Sócrates dejó dicho en el Fedro de Platón que los campos y los árboles nada querían enseñarle, a diferencia de los hombres de la ciudad. Sugería con ello que tanto la filosofía que busca la verdad como la política que ordena la convivencia constituyen actividades humanas que se practican en la polis: sus protagonistas son los ciudadanos en contacto con otros ciudadanos. Pasarían varios siglos hasta que Rousseau describiese a ese mismo ciudadano como un ocasional paseante solitario, perdido en la contemplación del paisaje.[1] Sin embargo, tampoco el pensador ginebrino otorgaba un valor intrínseco a la naturaleza, llamada más bien a ser solaz privado del ciudadano e instrumento afectivo para la cohesión nacional. Hoy, sin embargo, la afirmación de Sócrates adquiere un sentido distinto: en un mundo transformado por la humanidad, el cambio ecológico es cambio social y viceversa.
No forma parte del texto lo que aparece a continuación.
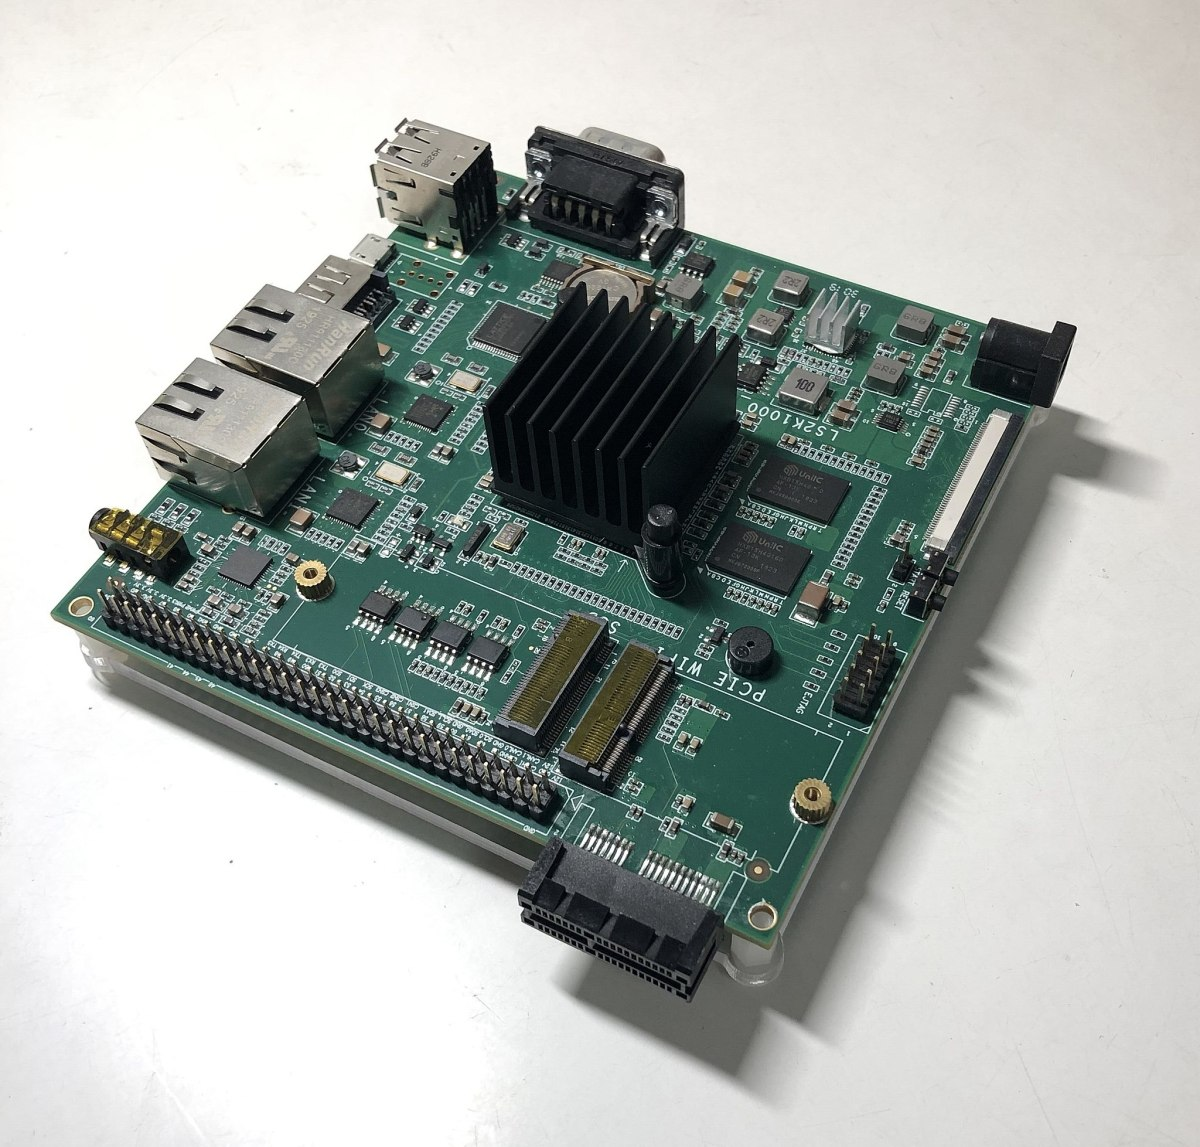 Longsoon Chips ISA semiconductors China government US x86

Michel Serres lo ha expresado así:

La palabra política debe ahora considerarse inadecuada, porque se refiere solo a la polis, la ciudad-estado, los espacios públicos, la organización administrativa de los grupos humanos; pero quienes viven en las ciudades [...] no saben nada del mundo.[2]

 

No saben, pero deben aprender que no hay separación, sino continuidad, entre polis y naturaleza. En otras palabras, un entramado socionatural que exige de los seres humanos atención a las señales provenientes de los sistemas planetarios y una respuesta eficaz a su desestabilización. Algo que los hombres de la ciudad solo podrán lograr deliberando y haciendo política. Tal es el desafío que el Antropoceno plantea a las sociedades liberales en el nuevo siglo.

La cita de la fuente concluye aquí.